When you open the box, you would see a little piece of paper that says "This wifi speaker system communicates on the following protocols:"
IP4ANY | RTCP+TCP/UDP | 554 - 556 | LAN realtime streaming service for receiving audio; PCM audio data, device name, model number
*.spotify.com | HTTPS+TCP | 443 | Internet streaming service for receiving audio; PCM audio data, device name, model number
*.manufacturer.com | HTTPS+TCP | 443 | Firmware update service; sends model number, firmware version, device name, last update date

Hopefully it would not say:
*.centralmonitoringservice.cn | HTTP+TCP | 80 | Remote video monitoring and tunneling service; sends video, wifi password, user name, email address, device name

And the OP was saying this information is also coded into the device, in some standard machine-readable way.

If i cut them off from the internet then they simply don't work. I'd have to manually identify every IP that spotify uses and there seem to be a lot of them

This is where I am confused. Why would you need to do that?

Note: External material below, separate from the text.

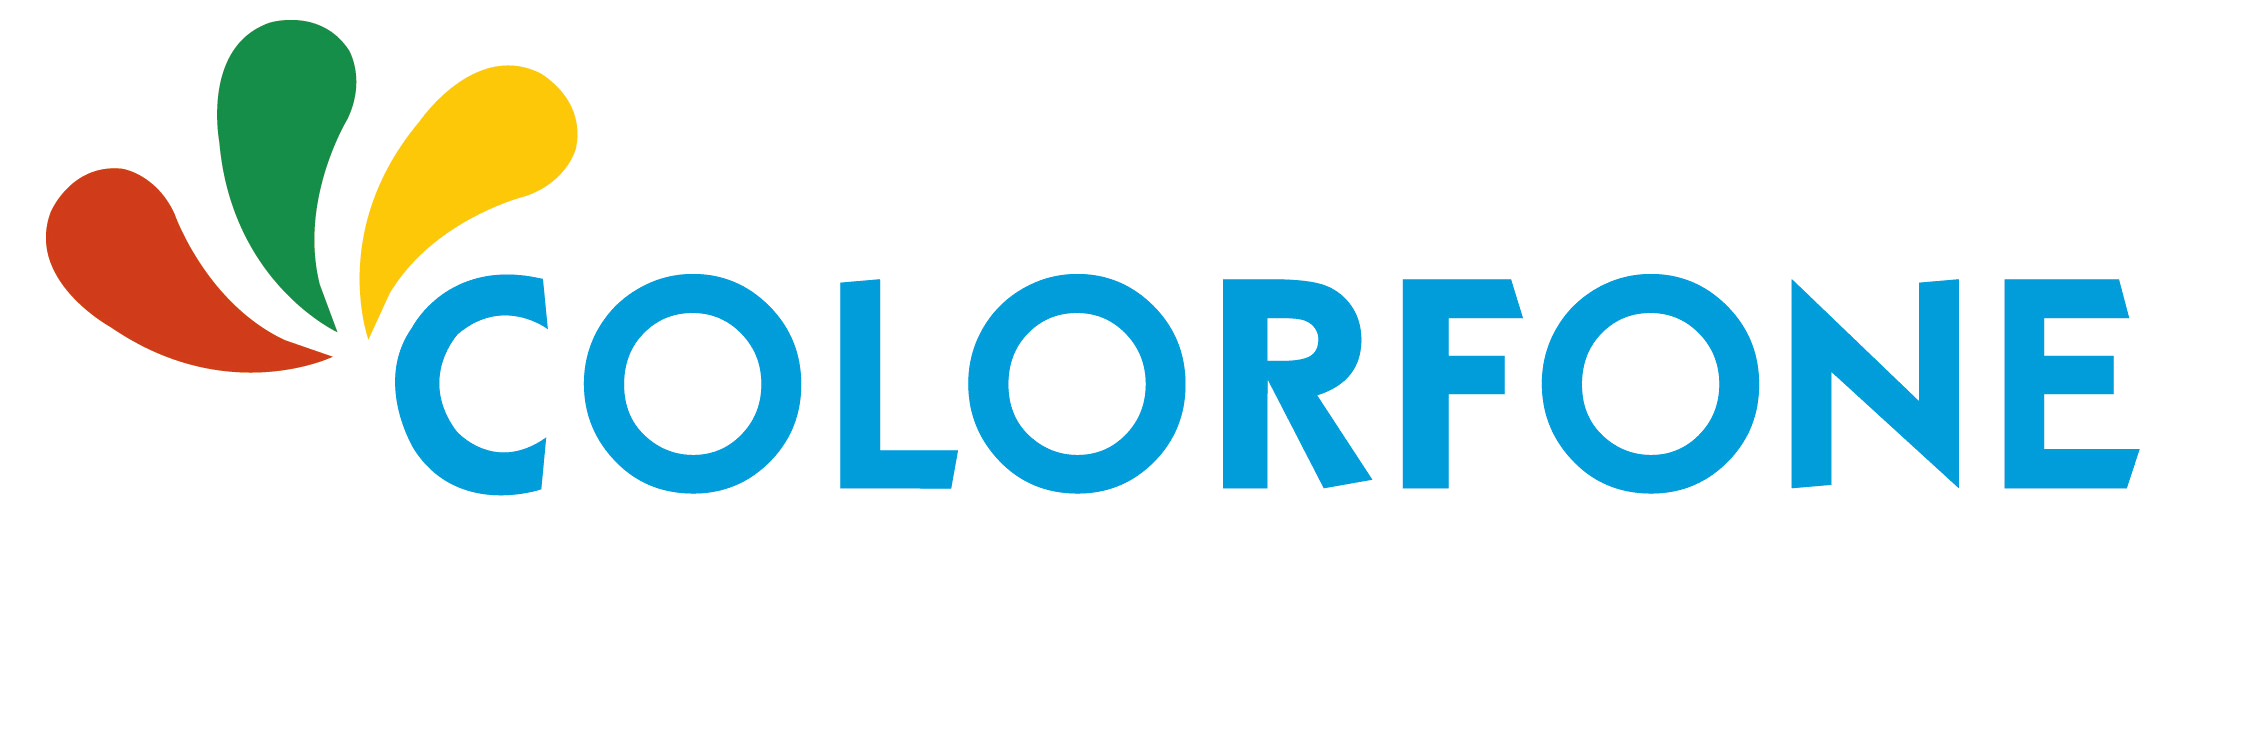 Colorfone - Piattaforma B2B internazionale

My interpretation of what mlts proposed is kinda like what UPnP does. Today, UPnP already has a way for a device to request that the firewall open a port. I don't think it is super broadly used because security wasn't really considered when UPnP was designed. It is part of why some people just universally turn off UPnP on their routers. But my knowledge may be totally out of date. I didn't interpret mlts to be saying that all outgoing communication was turned off by default, and that the owner of the firewall would need to manually whitelist sites. That would be secure, and you could certainly do that today, but that won't be convenient for the end-user. One could certainly make a "friendlier" firewall that made this a bit easier, kinda like how personal firewall software works. "Hey, device WIFI_CAMERA_1234 wants to talk to nsa.trustme.cn. Allow Y/N?" :-)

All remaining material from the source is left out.